The Shadow Queen (Ravenspire, #1)(41)



“I thought we had another six months of working our way through the mountain villages, robbing the queen’s treasury offices and building loyalty by giving it back to the people.”

“I’m done being cautious and safe, Gabril. Irina has destroyed my family and my kingdom. It’s time I repaid the favor.”

A fierce light burned in his eyes. “Agreed. How does Duchess Waldina factor into your plan?”

“She’s loyal to Irina and often stays at the castle. I need to know the gossip. The rumors. Anything that will show me a weakness I can use against Irina as I form a battle strategy for taking her down.”

“I’m not sure the duchess will be willing to give you that information.”

Lorelai’s jaw clenched until her teeth ached. “She’d better rethink that position before I get there.” Flexing her gloved hands, she said, “Once I have what I need, I’m going after Irina. No waiting. No hiding. Just a full-force attack that will end with one of us dead. It will be dangerous. Risky even by Leo’s standards.” Her voice broke, and she made herself look away so he wouldn’t see how desperately she wanted him to ignore her next words. “You don’t have to come with me. You’ve already risked so much. I release you from your service.”

He took two steps forward and pulled her against his chest. “You aren’t releasing me from anything. Where you go, I go.” She gripped his coat with desperate hands as relief warmed the pit of ice that had been forming in her stomach at the thought of facing the rest of her journey alone.

“What about Ada?” she asked as she released him and stepped back. “I didn’t mean to pry into your thoughts, but . . . is she your wife? Were those your boys?”

The loneliness that clung to him when he didn’t think she was watching filled his eyes, but his voice was composed. “Yes, that’s my family.”

“You never told us about them.” She tried hard not to make it sound like an accusation.

“Because you’d just lost everything. My choices, my grief, weren’t yours to bear.”

“Where are they? Do you ever see them?”

“They’re still in the capital. I got a message to her as I fled with you and Leo, and we’ve managed to exchange a few messages since then, but, no, I don’t see them. She buried me—the entrance hall collapsed on all the guards who were on duty that night. She simply claimed that I had died along with the others and held a funeral. Irina attended. I’ve stayed away because as long as Irina believes I’m dead, Ada and the boys are safe.”

Lorelai’s hands curled into fists. “You should have your family back.”

“So should you,” he said gently.

Her eyes burned with unshed tears, but she lifted her chin. “It’s too late for mine, but it isn’t too late for yours. Let’s get moving.
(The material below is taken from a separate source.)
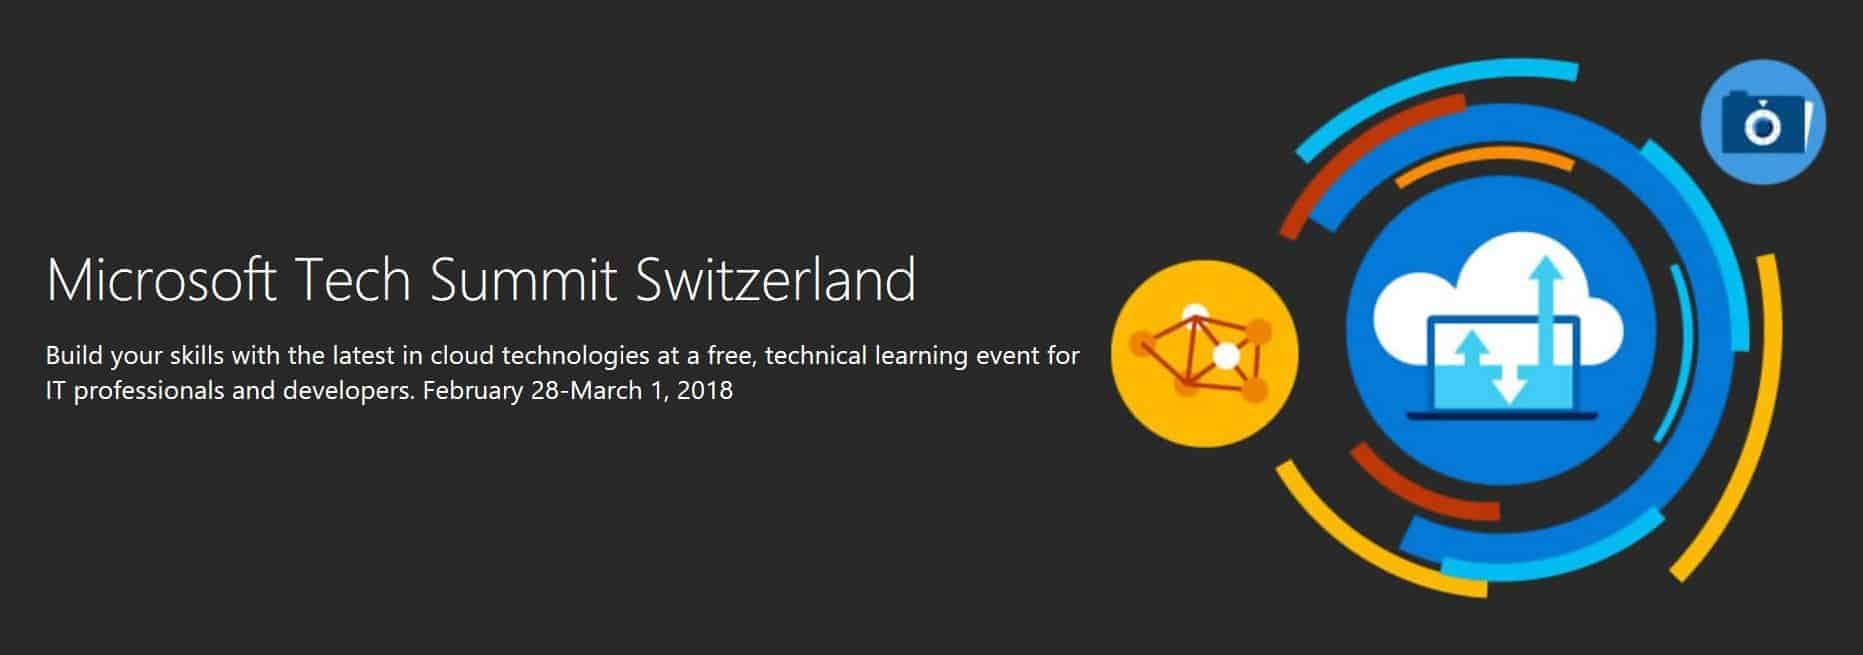 Microsoft Tech Summit 2018 Switzerland
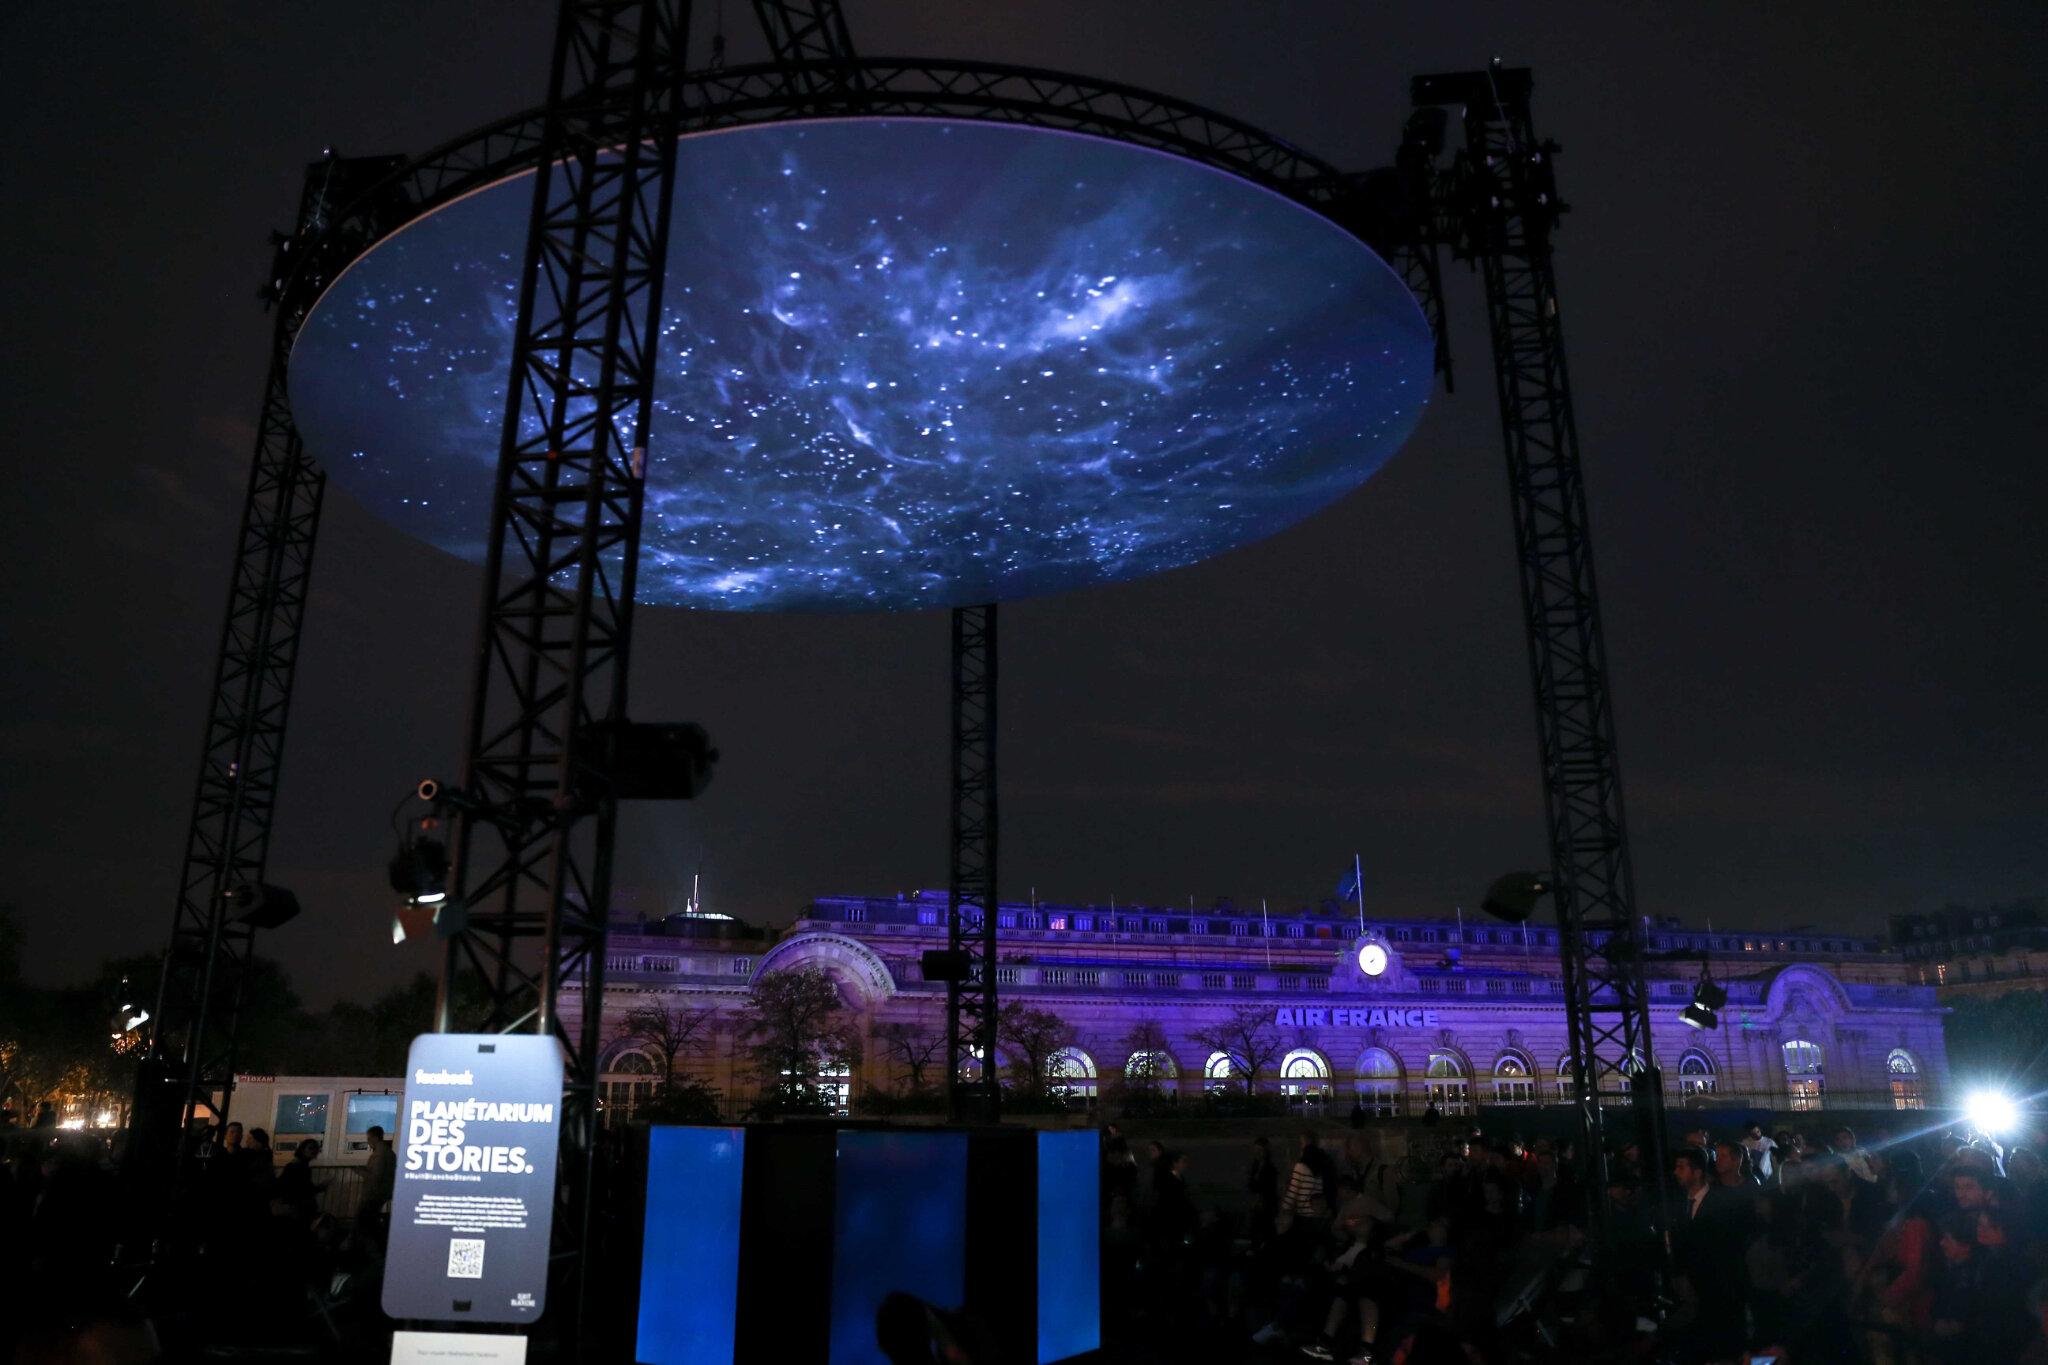 Nuit Blanche 2018 : le Planétarium des Stories par Facebook. © Michel Stoupak. Sam 06.10.2018, 19h05m38.

We have a lot of ground to cover, and I have a lot of planning to do if I want to have a chance against Irina.”

“Oh, you have more than a chance.” He picked up her travel pack and handed it to her. “Do you know why I’m willing to follow you into this battle without hesitation?”

“Because I’m Arlen’s oldest child, and that makes the throne of Ravenspire rightfully mine.”

“Wrong.” He held her gaze, his eyes fierce. “Bloodlines and birthrights don’t make someone worth following. Neither does the appearance of power. I follow you because you have the courage of a true warrior.”

“I don’t feel courageous.” She turned toward the west. “I just see what needs to be done, and there’s no one else to do it. No one else who can fight Irina with the weapon she’s used to destroy Ravenspire. It has to be me. That doesn’t make me a warrior. That just makes me the best tool for a necessary job.”

As they left the campsite behind and moved through a grove of trees with crumbling trunks and bare, shriveled branches, Gabril said, “A warrior doesn’t focus on the odds stacked against her. She focuses on her heart, on her will to face the evil in her world and defeat it, and then she finds a way to do it.”

Lorelai grabbed his arm to help him over a fallen evergreen. She should’ve healed his leg when she healed his sickness, but she hadn’t been thinking clearly.

She was thinking clearly now. The first order of business when they stopped for lunch would be restoring his left leg. She refused to hear an argument from him over it, either. His heart would submit to hers to make the cost of magic light enough to easily bear, or . . . well, she didn’t know what she’d do to overpower the will of the man who’d been like a father to her for the past nine years, but she’d think of something.

“I want to tell you a story.” Gabril reached for her gloved hand, and she held on to him while the morning sun filtered in past the bare branches and hung in the air like pale gold dust.

“Once upon a time, there was a princess who was unlike any other princess.”

She made a sound of disbelief, and he glared at her. “You may be my queen, but I can still assign you an hour of land sprints if you aren’t paying attention.”

She gave him her full attention.

“Other princesses were raised in castles with maids to clean up after them, cooks to bake their favorite treats, closets full of fancy dresses, and parents to watch over them and love them.”